Jacob: Style, creativity and personal expression are always related to politics and economics but can easily be divorced from the conditions of their production and thus change their meaning based on subtle or not-so-subtle changes in context. This is not new: the Internet did not start this. One could argue that capitalism makes this possible—I don’t know what does it because I’ve only ever lived inside capitalism. What I do know is that the Internet has changed this process in some ways, but in other ways has not changed this process. I think the last part of your question is very interesting because you seem to be framing it in almost a personal or emotional way (with the word “surrender”). That leads me to think that perhaps it is a personal decision, that one could “decide to believe” despite outwards definitions of what already-appropriated aesthetics or imagery means (i.e. “I don’t care that my style has been co-opted, for me it’s still authentically me”). We always have a choice—we can choose to go against the grain at any given moment, but don’t expect it to be easy…

B O D Y: In reference to Paper Rad’s multimedia output Jacob once said “We’re not just gonna do gallery shows, we’re gonna go on tour and then release a book [in order to] saturate or infiltrate the sphere as much as possible.” I was wondering if Extreme Animals, which has released albums, video compilations, and various other objects, is motivated by a similar interest in the proliferation of work. What does Extreme Animals think about “the product,” as an appreciably concise object of exchange or aesthetic contemplation? Is there an ideal format for Extreme Animals or a way in which you would like people to view your work as a body of work?

David: Format is something that I think the whole music industry is struggling with. And of course our situation is more complicated with video being so connected. We just released a DVD + digital download on Undervolt & Co., a new “label” for experimental video. Before that we released a VHS (with classic, white puffy case) including a “zine” insert on Thunder Zone Entertainment. Neither of these release strategies is complete and perfect on its own but I’m very glad that this work has come out and is available.

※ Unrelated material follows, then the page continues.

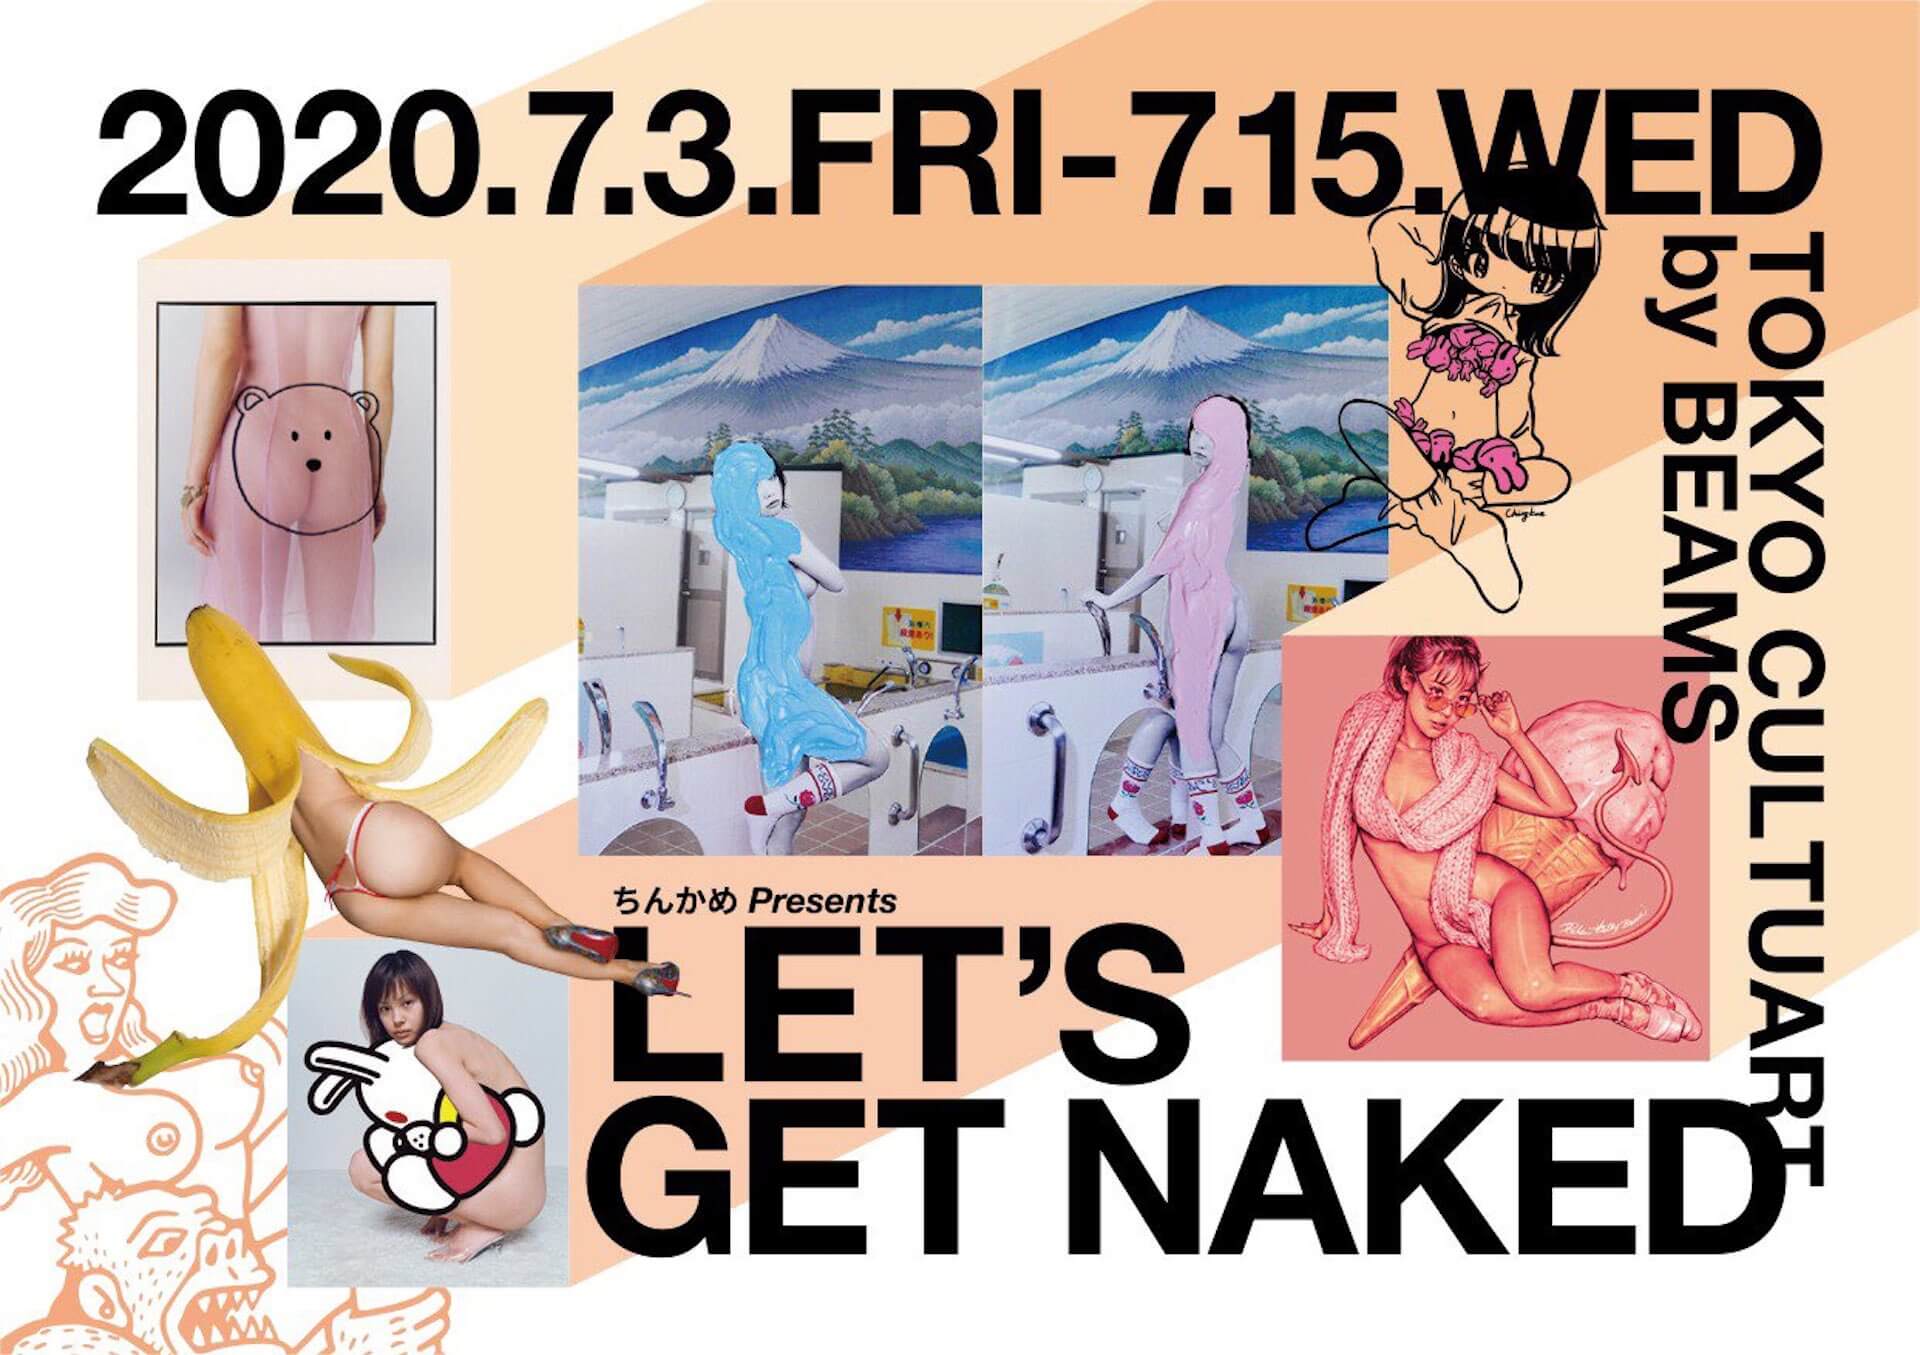 MANKEY＆SEX YamaguchiによるMIX CD『S.E.X.M.A.N.』にキケンなウワサ──『ちんかめ』内藤啓介キュレートの展示＜Let’s get naked＞が開催中 music200703-letsgetnaked-mankey-sexyamaguchi-1

I think if we keep making work like we do now the best solution is to keep releasing it on various (almost conflicting) media. Like the content of the work, it’s conflicting—VHS and Youtube rips, samples and “original” music. It’s slipping through your fingers like sand. “Nothing is real.” Come to the shows; buy a DVD if you want ☺.

Jacob: The ideal format for Extreme Animals is to do exactly what we are doing already (DIY shows, museum shows, self-released items, t-shirts, social media) but to be paid 1 million dollars for each object or show instead of 40 dollars. Just Kidding. I recommend reading Seth Price’s essay “Dispersion” in relation to the notion of distribution and dissemination of artistic ideas in culture. Or the related text by Bettina Funcke “Pop or Populus.”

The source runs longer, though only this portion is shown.